The Presidency of Herbert Hoover
Herbert Hoover, a Republican, was elected president in 1928. Hoover was highly intelligent, and had been a successful mining engineer and Secretary of Commerce before becoming president. When he was inaugurated, Hoover believed that American prosperity would continue and expand. He had the misfortune of being inaugurated only months before the stock market crash in 1929. Hoover's administration adopted several policies to end the Depression.
Hoover did support some programs to combat the Depression. In 1932, he signed a bill creating the Reconstruction Finance Corporation (RFC). This federal agency loaned money to businesses and to local governments to provide jobs or relief. But Hoover's conservative philosophy led him to distrust too much government intervention in the nation's economy. He worried that government programs that aided citizens directly would undercut Americans' self-reliance. As a result, he sometimes seemed uncaring to many Americans, who desperately wanted their government to do something to combat growing unemployment and poverty. In 1932, when the Depression was at its worst and one in four workers was unemployed, the president declared that "no one has starved."
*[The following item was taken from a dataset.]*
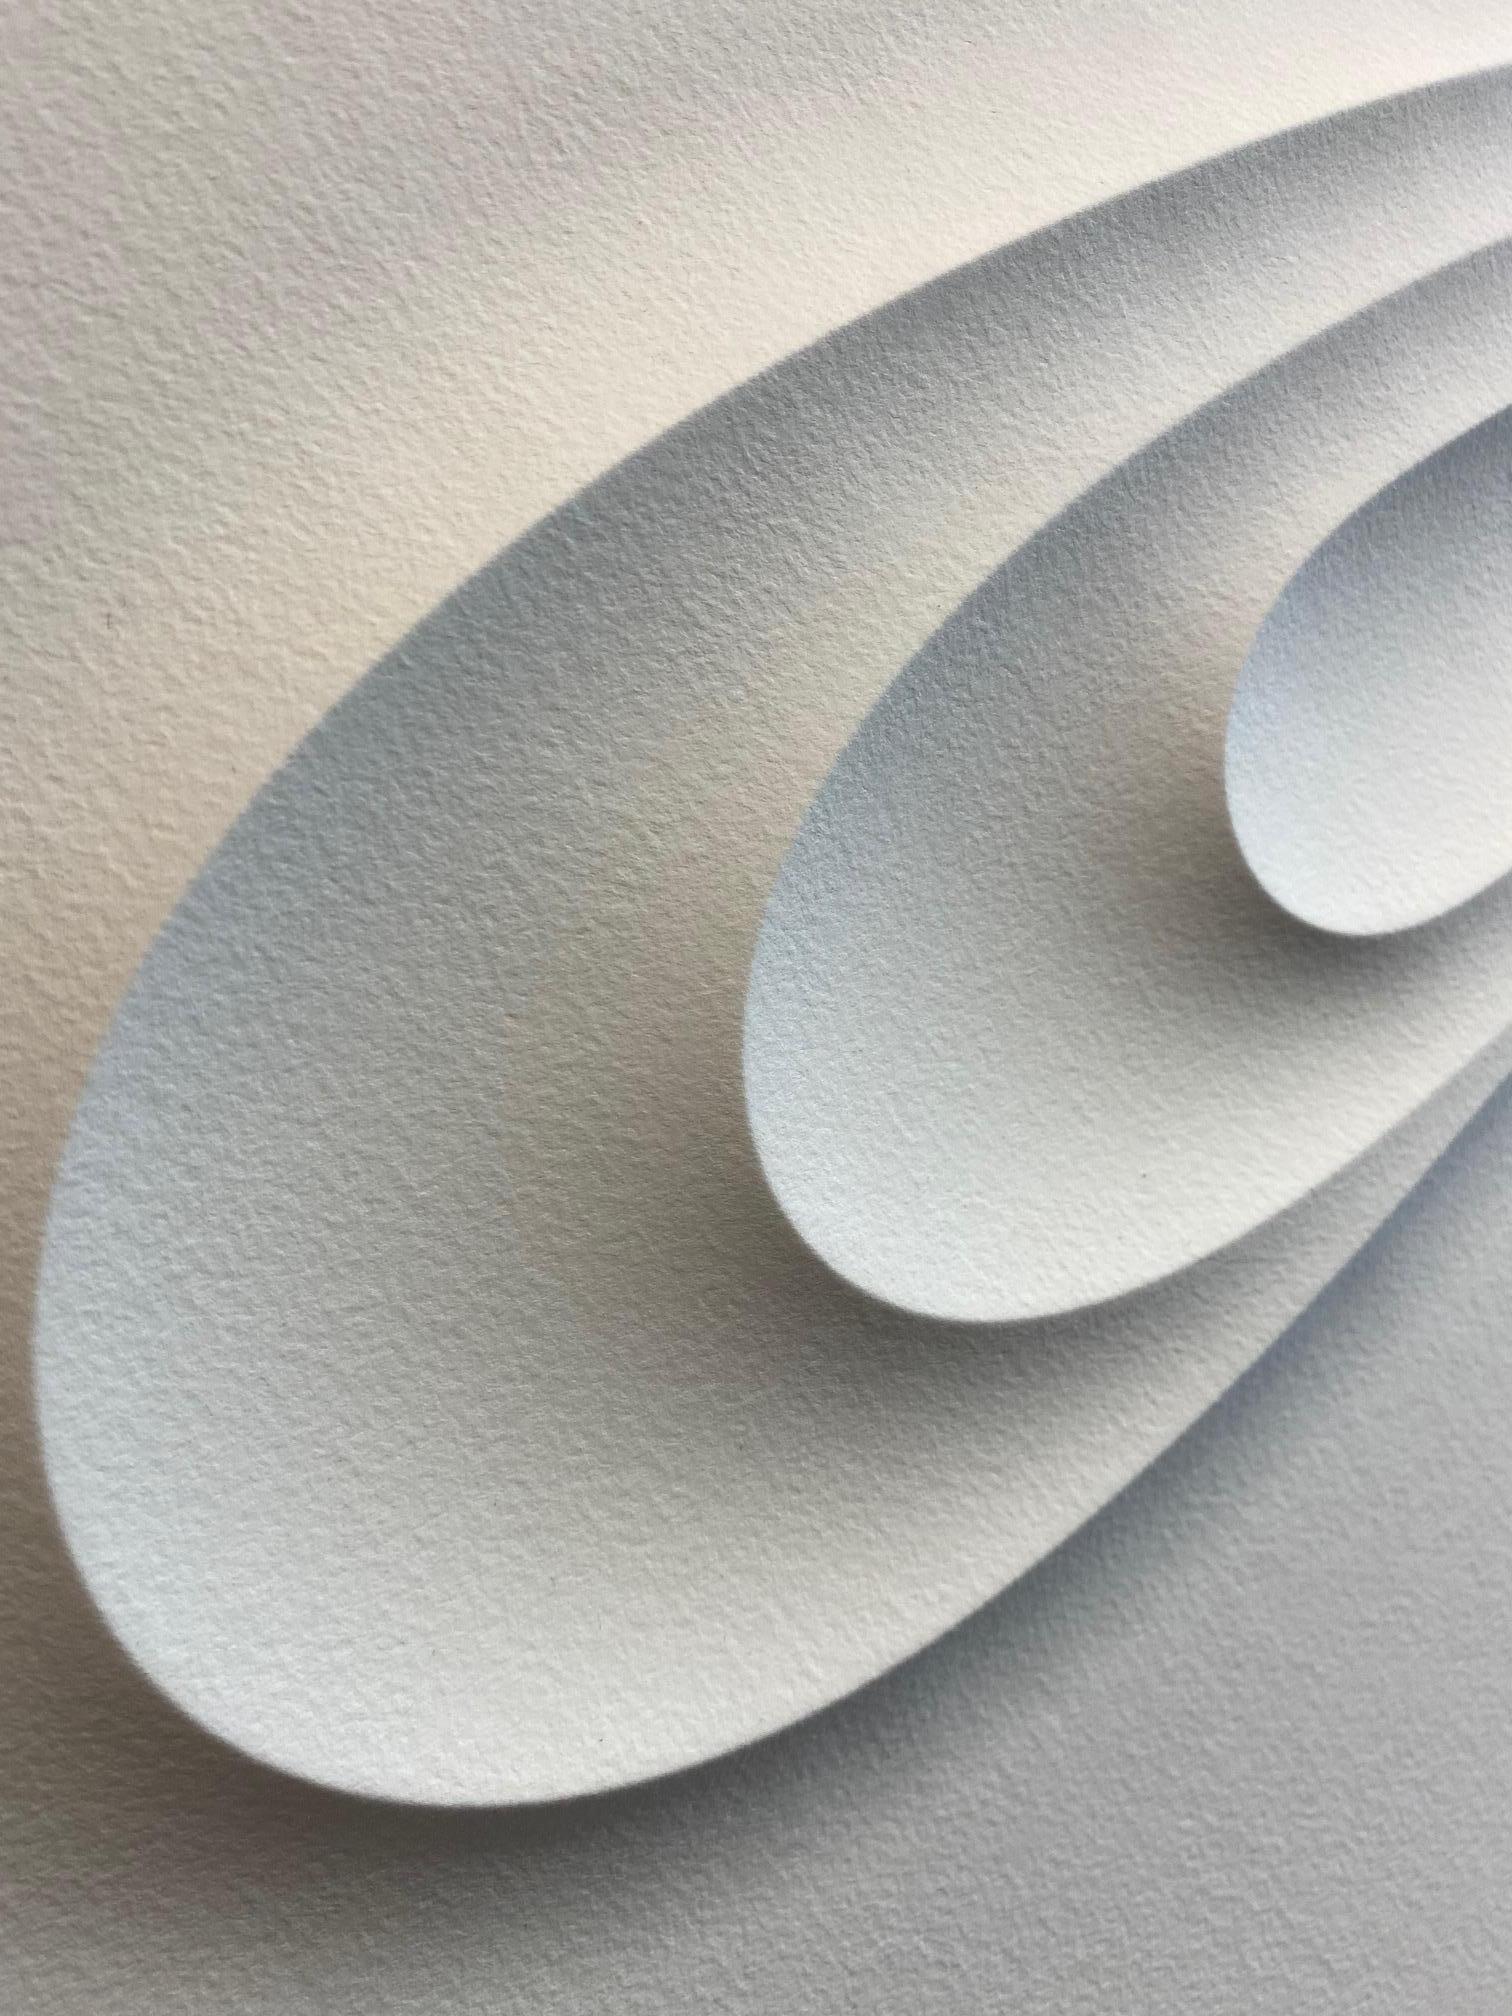 Tango - embossed paper work, minimalist curvilinear white artwork Jacinto Moros 3

Because Americans were angered and worried by the Depression, Hoover became widely unpopular. Americans began calling the shantytowns and hobo camps where homeless people lived Hoovervilles. The most forceful protest of the president's reluctance to aid poor Americans occurred in June 1932, when a group of 20,000 World War I veterans, known as the Bonus Army, marched to Washington, DC, to demand that the government pay them their bonus for serving in the war. The government had approved paying a bonus to the veterans in 1924, but it was not due to be paid until 1945. Because of the Depression, the veterans were seeking to receive their bonuses more than a decade early. In July, Hoover ordered police and the U.S. Army to remove the veterans' camp from the Mall in Washington. Battles between veterans, police, and the U.S. Army in the nation's capital further increased many Americans' dislike for Hoover and added to their fears that the nation was on the brink of chaos.